Microstructural properties of SiC thin film deposited by RF sputtering technique and its role on the barrier parameters of n-InP/Pd and n-GaP/Pd junctions as an interlayer

Abstract

In this study, the microstructural properties of Silicon carbide (SiC) thin film deposited by radio frequency (RF) sputtering technique and the effects of SiC as an interlayer on the barrier parameters of n-GaP/Pd and n-InP/Pd junctions were examined comparatively. Firstly, Al/n-GaP/Pd and In/n-InP/Pd diode structures were fabricated and their barrier parameters were analyzed using Rhoderick, Norde, Cibils and Chattopadhyay methods at room temperature. Then, SiC thin films, which were deposited on Al/n-GaP and In/n-InP semiconductors, respectively, with the help of SiC target using RF sputtering technique, were inserted into the In/n-InP/Pd and Al/n-GaP/Pd junctions as an interlayer, and In/n-InP/SiC/Pd and Al/n-GaP/SiC/Pd structures were produced. Microstructures of SiC thin films were evaluated with the help of x-ray diffraction (XRD), field emission scanning electron microscopy (FE-SEM) and energy dispersive x-ray analysis (EDX) measurements.
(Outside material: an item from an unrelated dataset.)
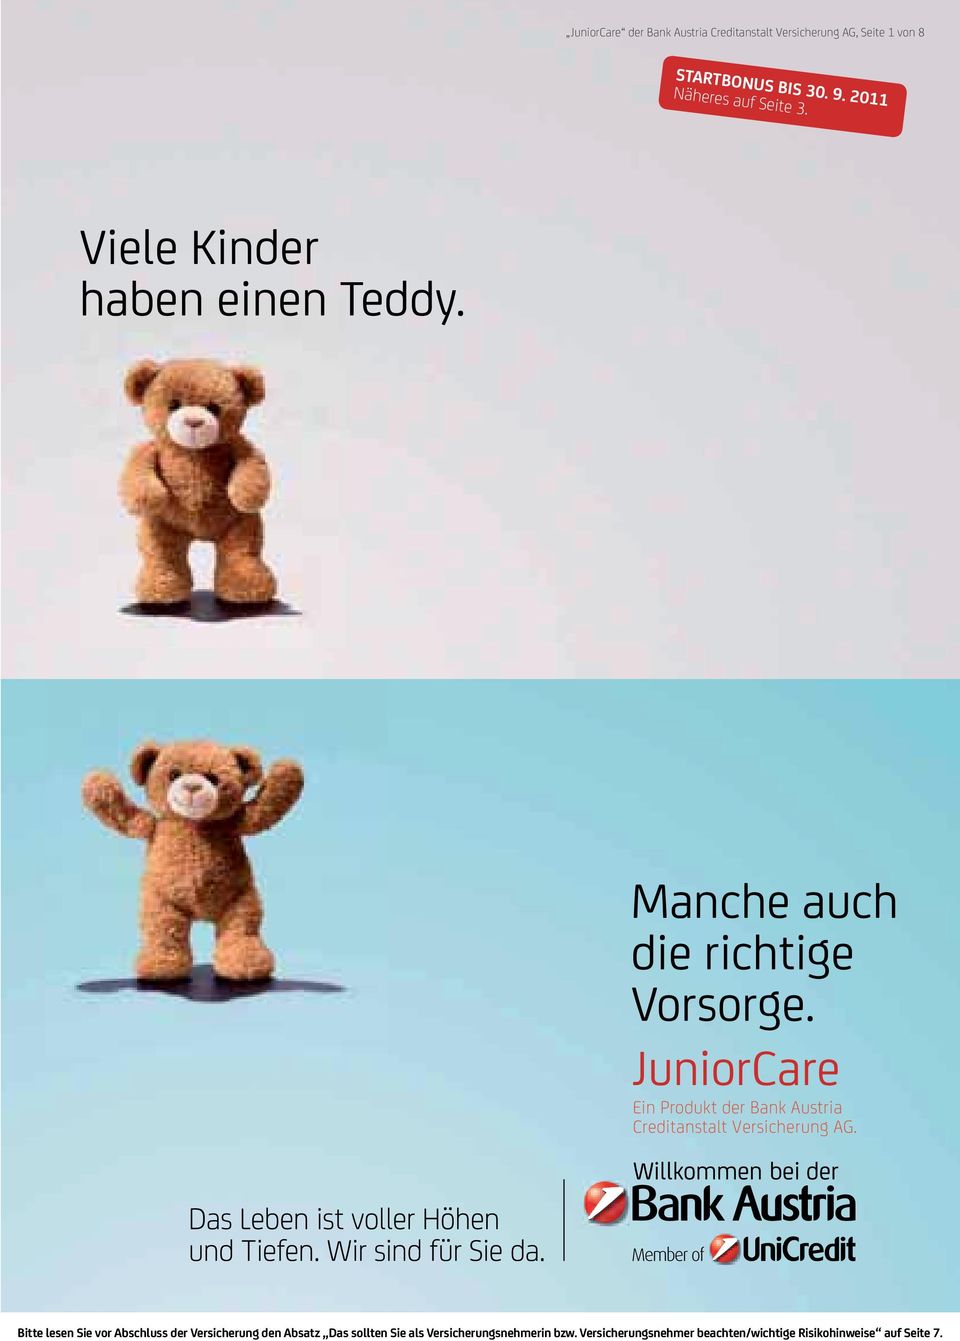 Viele Kinder haben einen Teddy.

In order to interpret the barrier properties of Al/n-GaP/SiC/Pd and In/n-InP/SiC/Pd structures in detail and to compare them with those without interlayers, current-voltage (I–V) measurements were measured at room temperature under dark conditions and the junction parameters were recalculated with the help of the methods mentioned above. It has been determined that SiC interlayers play important roles on the barrier properties of Al/n-GaP/Pd and In/n-InP/Pd diode structures.